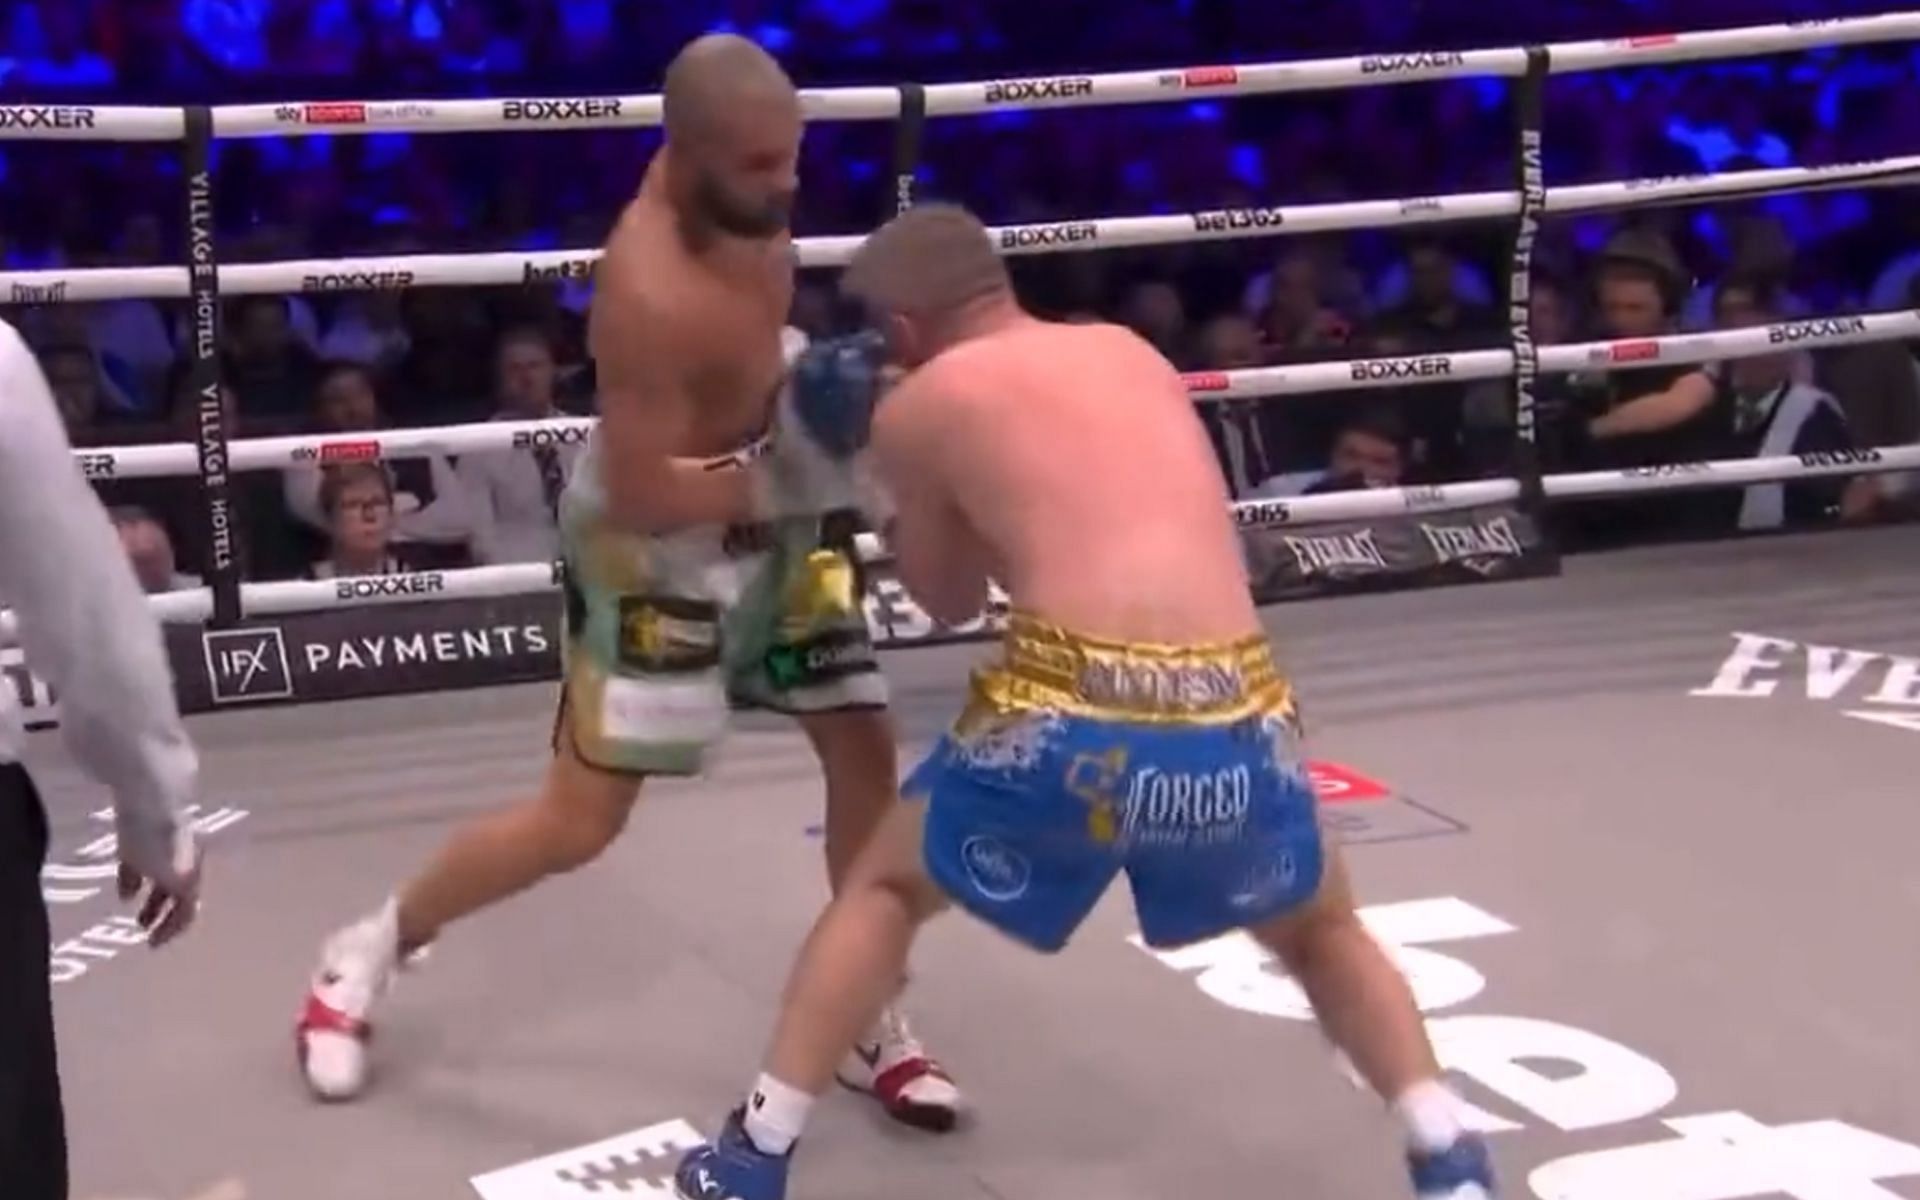 Chris Eubank Jr. Stops Liam Smith In 10th Round TKO - Boxing Results -  Boxing News
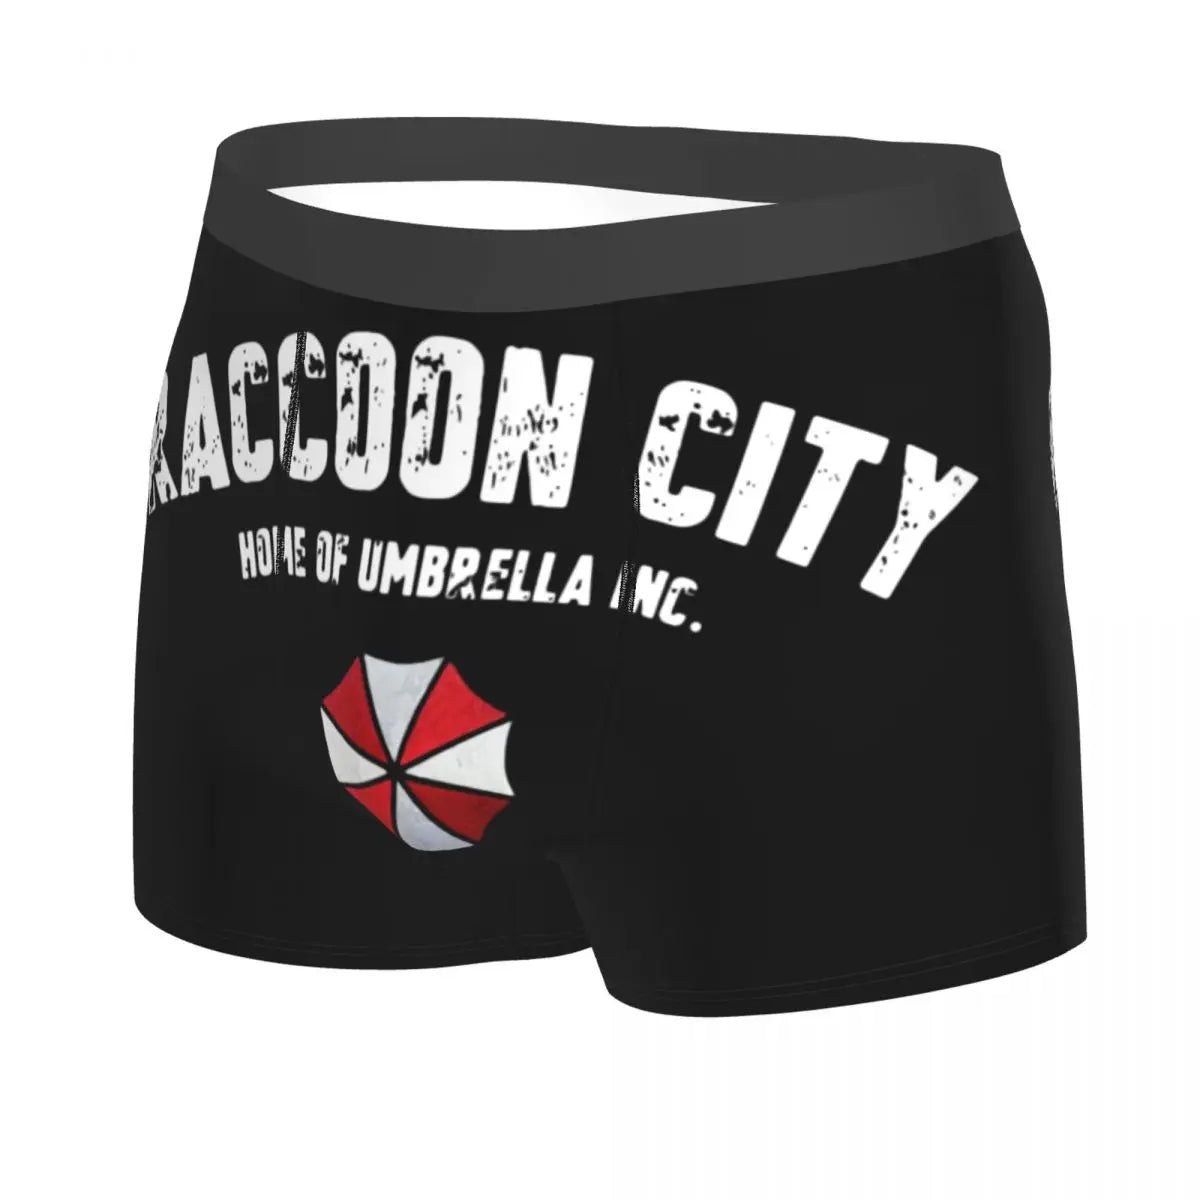 Male Novelty Raccoon City Home Of Umbrella Corporation Corp Underwear Video Game Boxer Briefs Stretch Shorts Panties Underpants
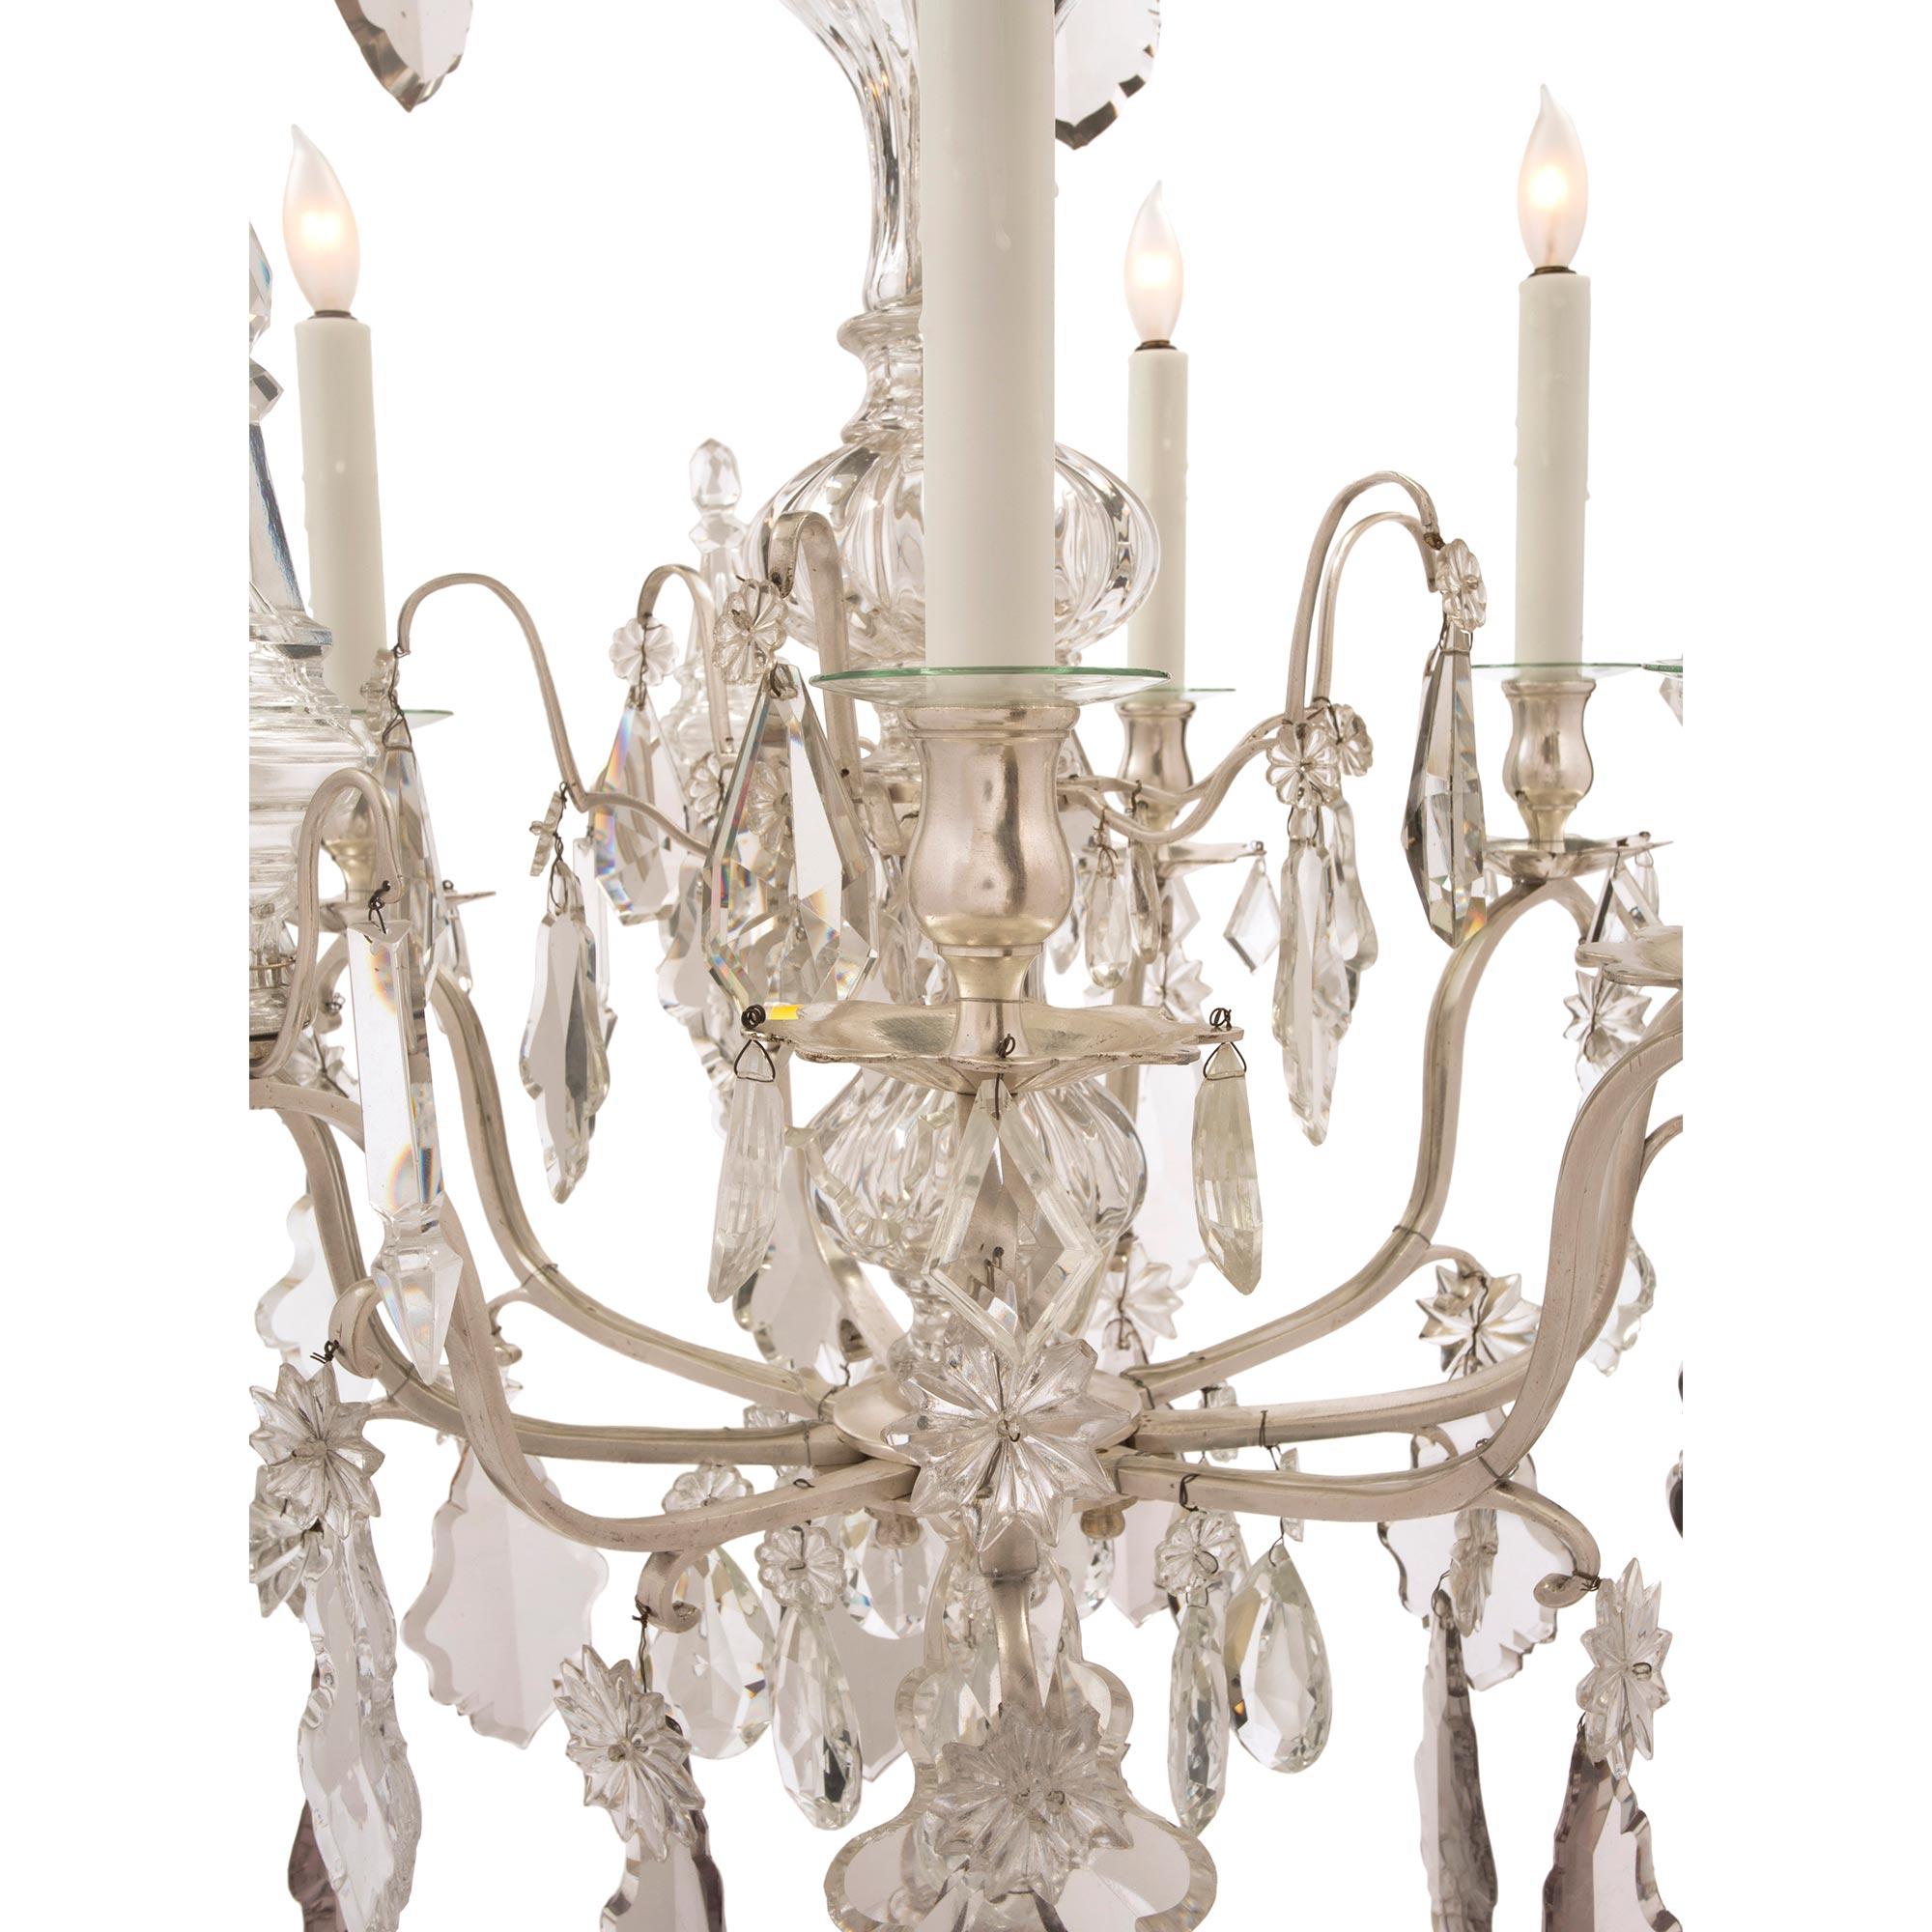 French Mid-19th Century Louis XV Style Bronze and Baccarat Crystal Chandelier For Sale 2

__________________________________________________

**WHAT YOU NEED TO DO**
Restate the full listing verbatim and drop every picture.

**OUTPUT BELOW**
 Chris Eubank Jr. Stops Liam Smith In 10th Round TKO - Boxing Results -  Boxing News
 Male Novelty Raccoon City Home Of Umbrella Corporation Corp Underwear Video Game Boxer Briefs Stretch Shorts Panties Underpants
 French Mid-19th Century Louis XV Style Bronze and Baccarat Crystal Chandelier For Sale 2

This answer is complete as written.